This general encyclopedia of the avant-garde, the first of its kind if we disregard existing dictionaries devoted to regional avant-garde movements, is well edited. It will become a major resource for anybody interested in avant-garde art and literature of the 20th century. The entries, written by a sizeable number of international specialists [End Page 661] from a broad variety of disciplines, are unfailingly informative and concise and cover an astonishing number of movements, practices, and personalities. There are some true gems and unexpected discoveries, such as the articles covering literary avant-garde practices in the Arab world and in Turkey, or the meticulous entries dealing with 20th-century art and literature in Eastern Europe. Some, but surprisingly few, items are missing (one might have wished for separate coverage of Sots art, or of important groups such as Collective Actions or the [post-] Yugoslav retro-avant-garde; the latter formation is mentioned in an entry on the group "Neue Slowenische Kunst"). Particularly useful are the broadly conceived surveys of avant-garde practices in major countries of the world, from Germany to the United States, Japan, and several Latin American nations.

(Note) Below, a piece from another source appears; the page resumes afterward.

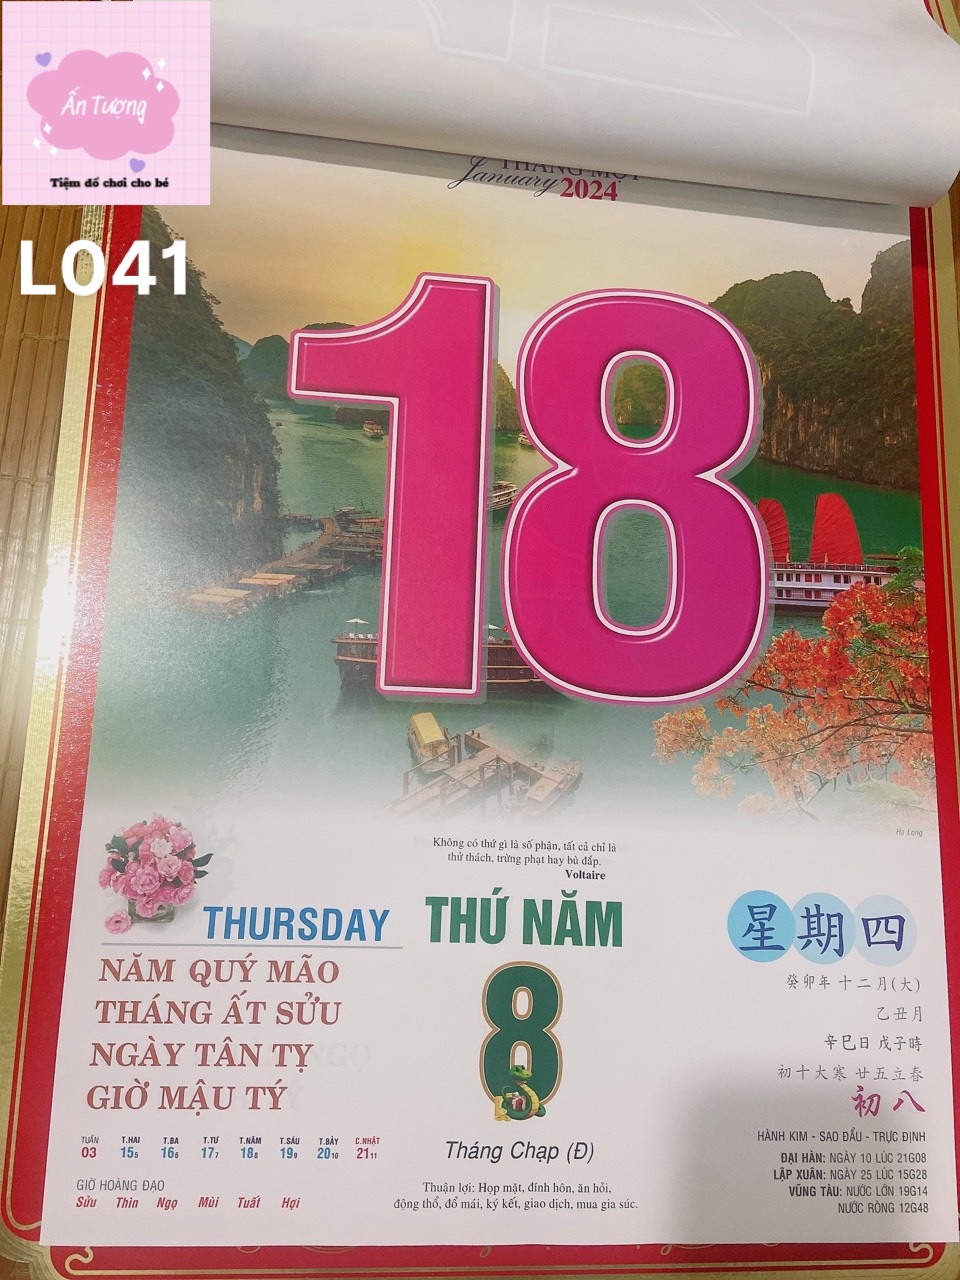 (Mua lịch tặng lịch) Bộ lịch Giáp Thìn 2024 - Lịch Bloc Siêu Cực Đại (38x53 cm)- chủ đề " Việt Nam Thanh Bình”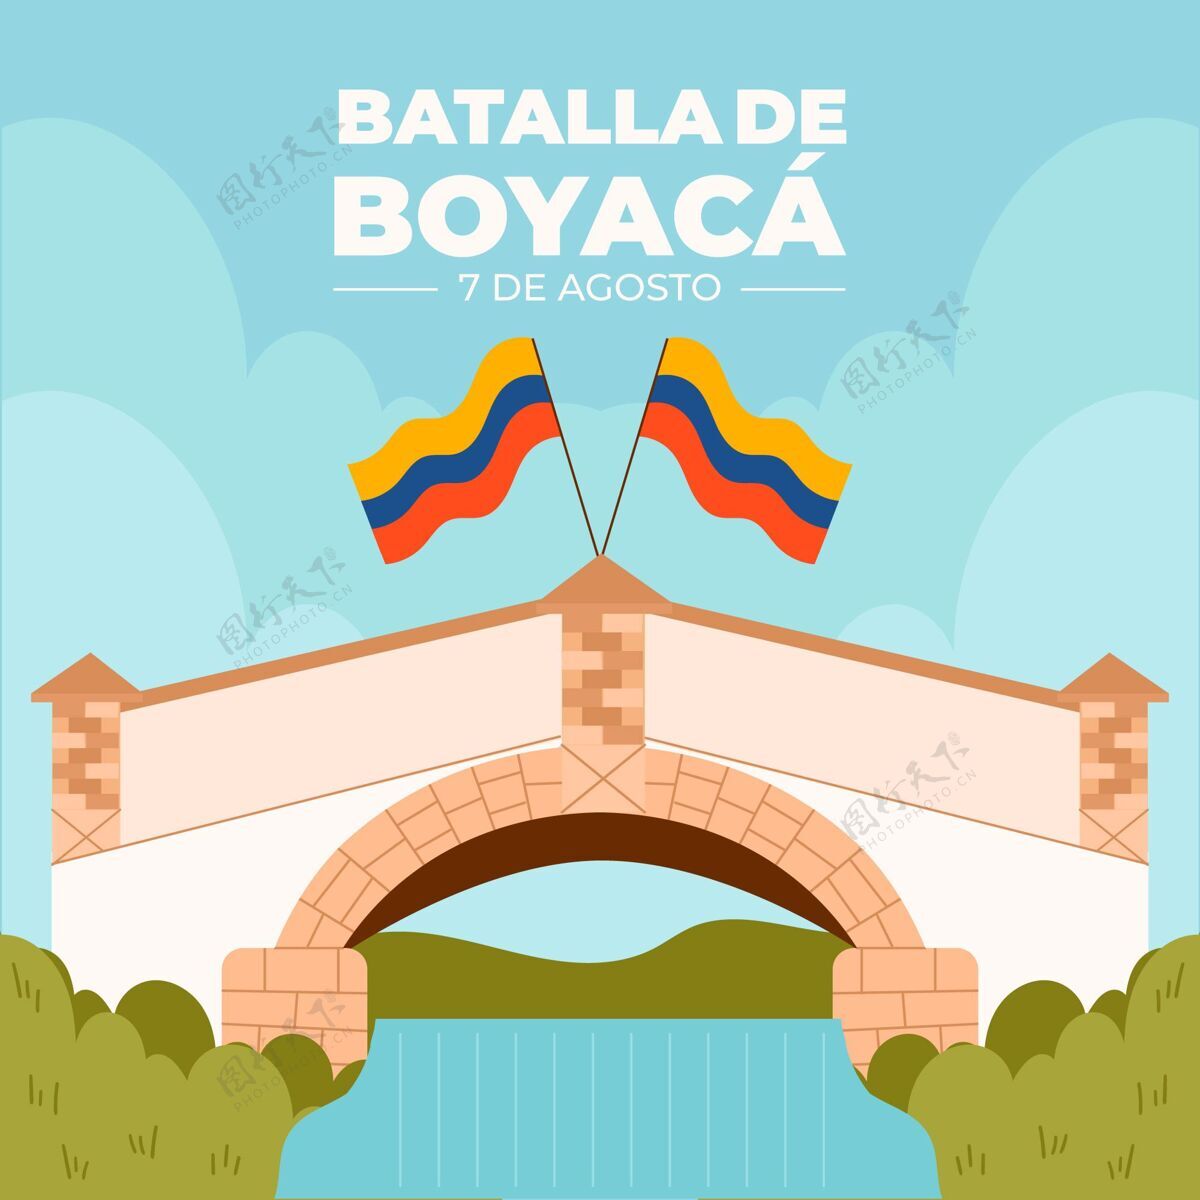 平面设计平底哥伦比亚巴塔拉德博亚卡插图哥伦比亚人战斗事件

On occasion, there are complications, such as when the Yugoslav neo-avant-garde movements (and pivotal groups like Gorgona) are listed under "Croatia," a state that did not exist when these groups operated. This is not a moot point since the specific conditions of life in formerly Socialist Yugoslavia were formative for neo-avant-garde artists in the 1960s and 70s. A similar point could be made about neo-avant-garde art in the Russian part of the former Soviet Union, which the book lists under "Russia," even though much of Moscow-based neo-avant-garde practice in the 1970s was inextricably tied to life in the former Soviet Union. The rather broad definition of "avant-garde" in this volume means that its entries could be extended virtually ad infinitum. For instance, there is a (brilliant) short entry by Frieder Nake on what he calls computer art, but there is none on net art or on other forms of new media art.

None of this, however, can seriously distract from the considerable strengths of the volume. Among them are the substantive and often up-to-date bibliographies at the end of each article (and, finally, at the end of the volume), which make its entries even more usable. Of course when it comes to a dictionary with a sweeping ambition such as this one, the inevitable question is: what is avant-garde? Pointedly, van den Berg and Fähnders omit the direct article from the title of their work ("Avantgarde," not "Die Avantgarde"), signaling in this way that they view "Avantgarde" in true Hegelian fashion as a disparate historical phenomenon that is, however, not immune to synthesis (in a dictionary that admits its own fragmentariness, for example). They use "Avantgarde" the way we have become accustomed to using the term "modernism"—that is, less as a reference to a specific historical formation than as a broadly conceived, if historically specific, épistéme. In a detailed and on occasion programmatic preface they brilliantly develop the idea of the avant-garde as a network, an idea that was preempted incidentally by the Polish conceptual artist Jarosław Kosłowski with his international artists' NET already in the early 1970s.

The editors explicitly reject Peter Bürger's (Foucauldian) view of the relationship between the historical avant-gardes and the neo-avant-garde of the 1960s and 70s as being characterized by break and rupture. Rather than being stuck, as Bürger would have it, in unthinking repetition and in the reduction of the historical avant-gardes to a toolbox of deadpan stylistic devices, the postwar neo-avant-garde, according to van den Berg and Fähnders, remains "Avantgarde," picking up the threads after the interlude of the various rappels à l'ordre and the (Socialist) Realisms of the 1930s and 40s. From this perspective, the inclusion of practices such as 1950s...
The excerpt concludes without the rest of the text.